What this task involves -> Repeat everything in the data exactly except images.

Top of Given information

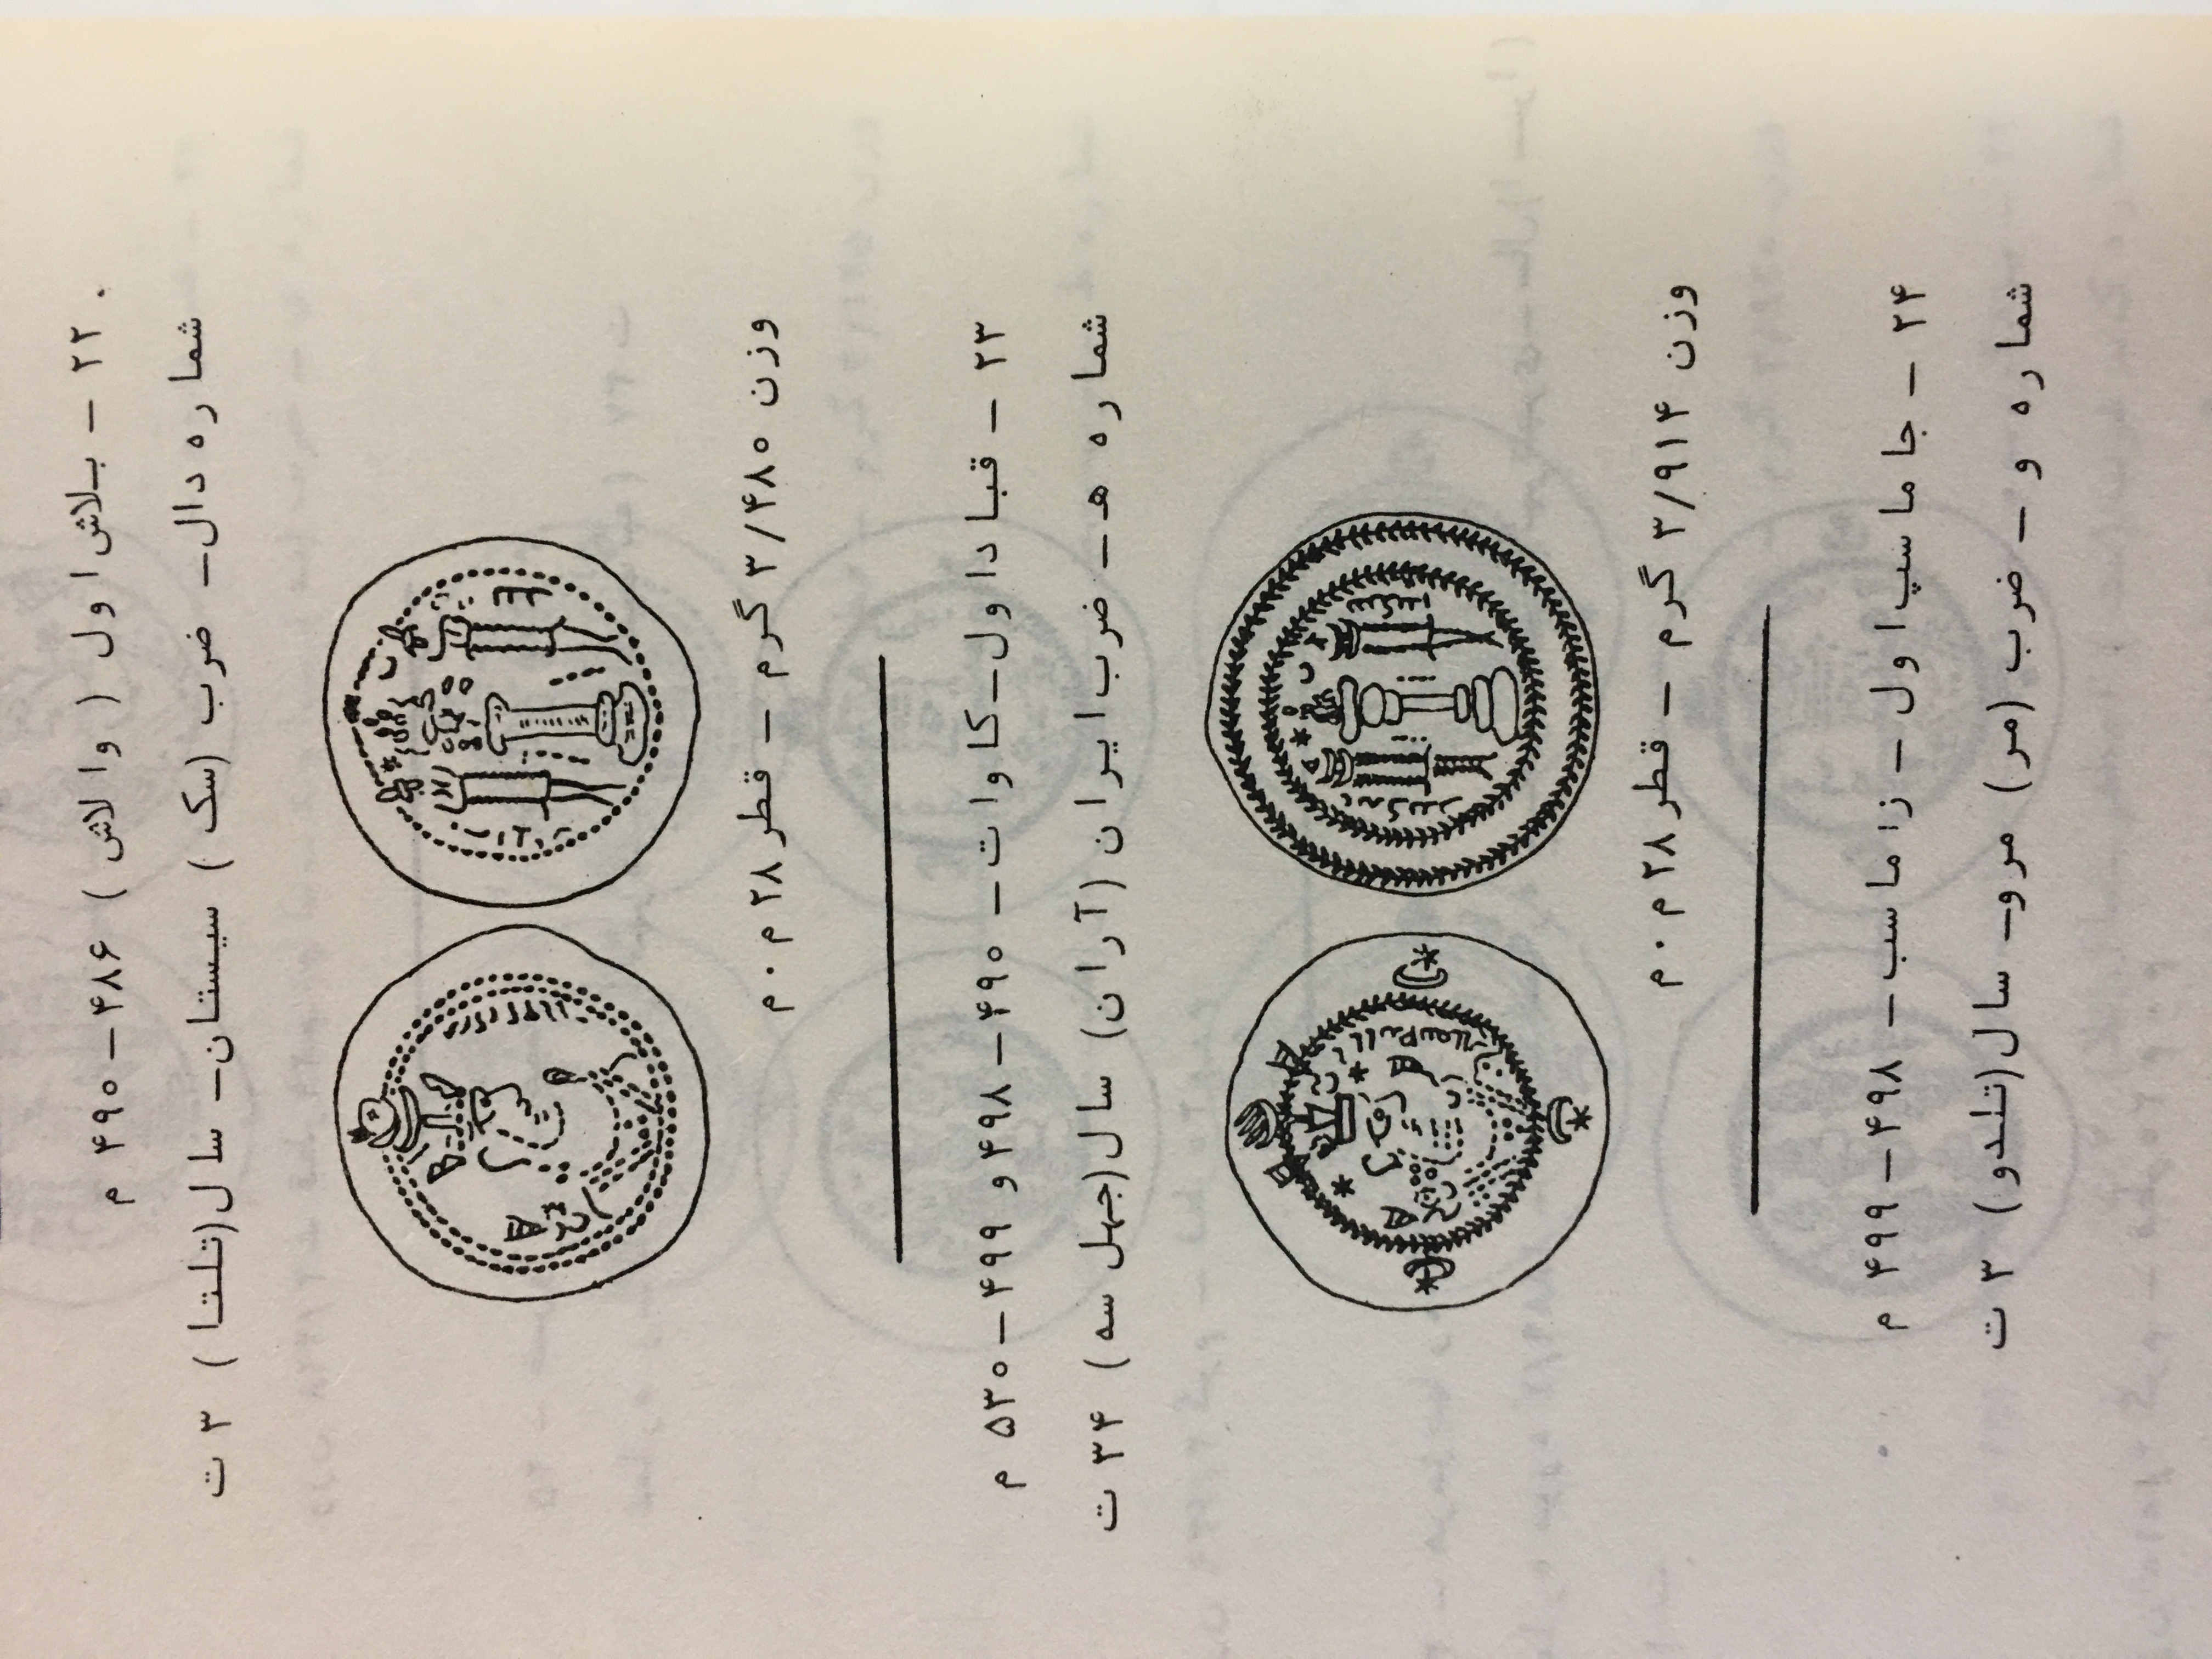 کتاب قدیمی و کمیاب  درهم های عرب ساسانی آموزش شناخت سکه های ساسانی
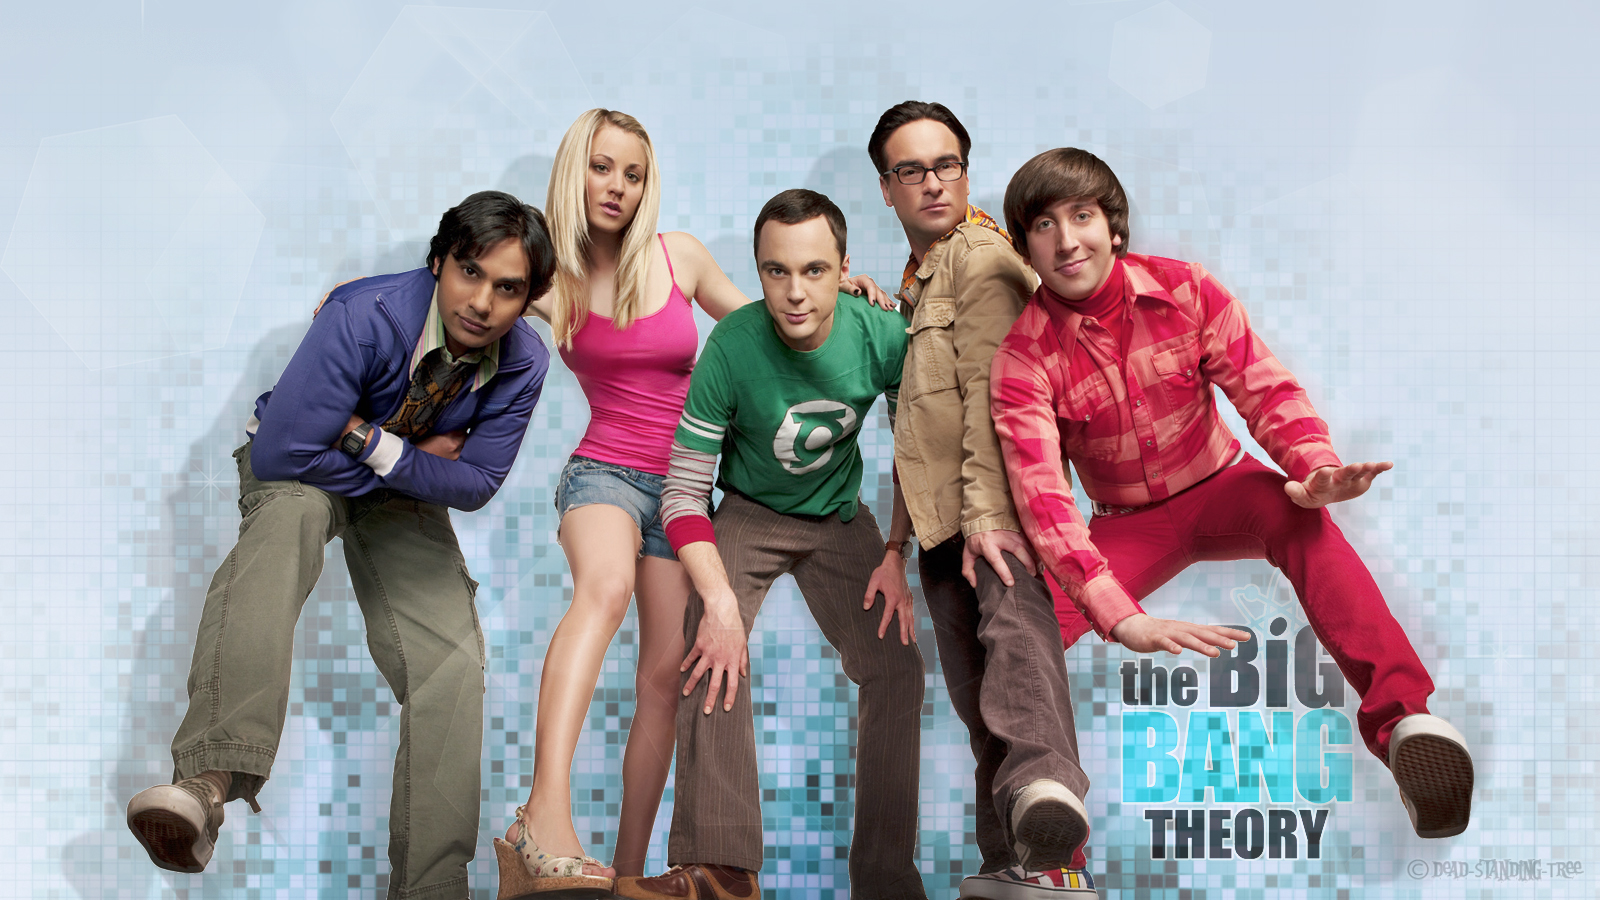 Fondos de pantalla de la serie The Big Bang Theory, Wallpapers
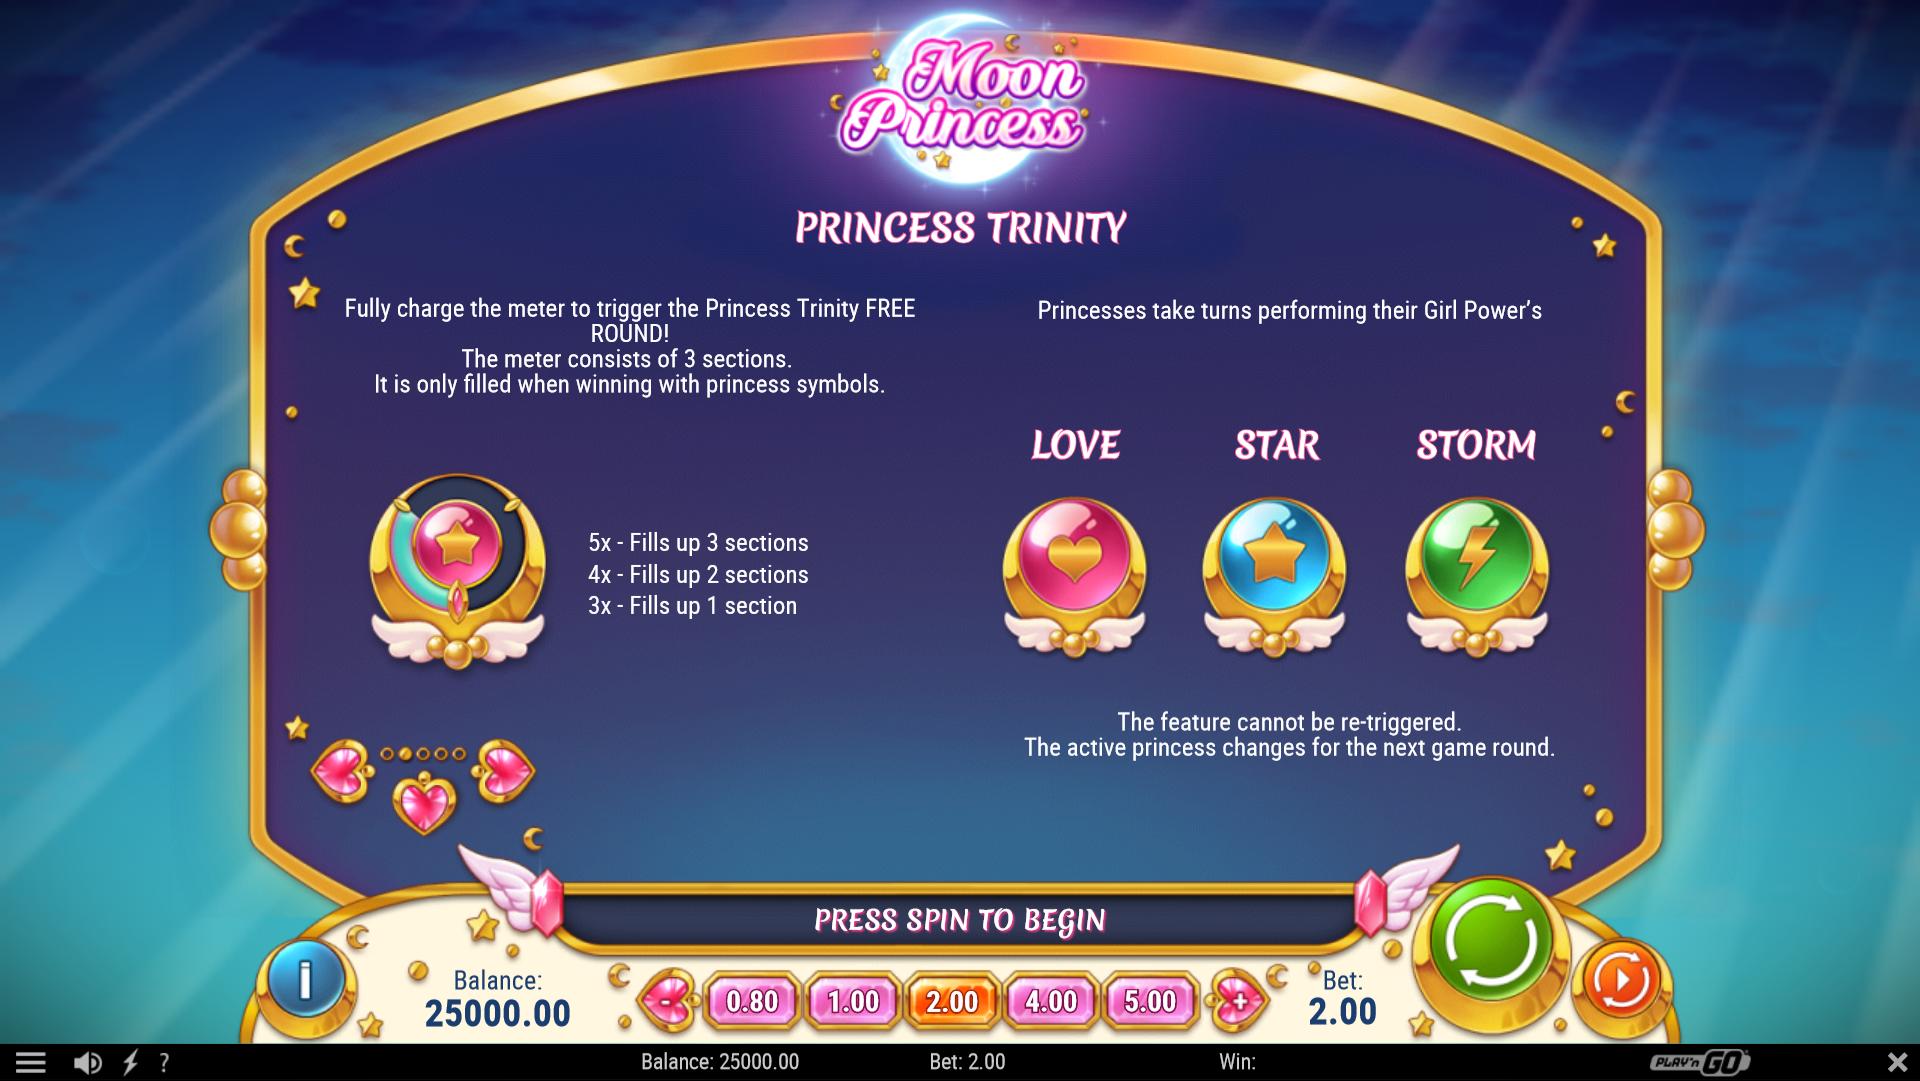 Moon Princess Princess Trinity

Bottom of Given information

Response for this exercise ->
 کتاب قدیمی و کمیاب  درهم های عرب ساسانی آموزش شناخت سکه های ساسانی
 Fondos de pantalla de la serie The Big Bang Theory, Wallpapers
 Moon Princess Princess Trinity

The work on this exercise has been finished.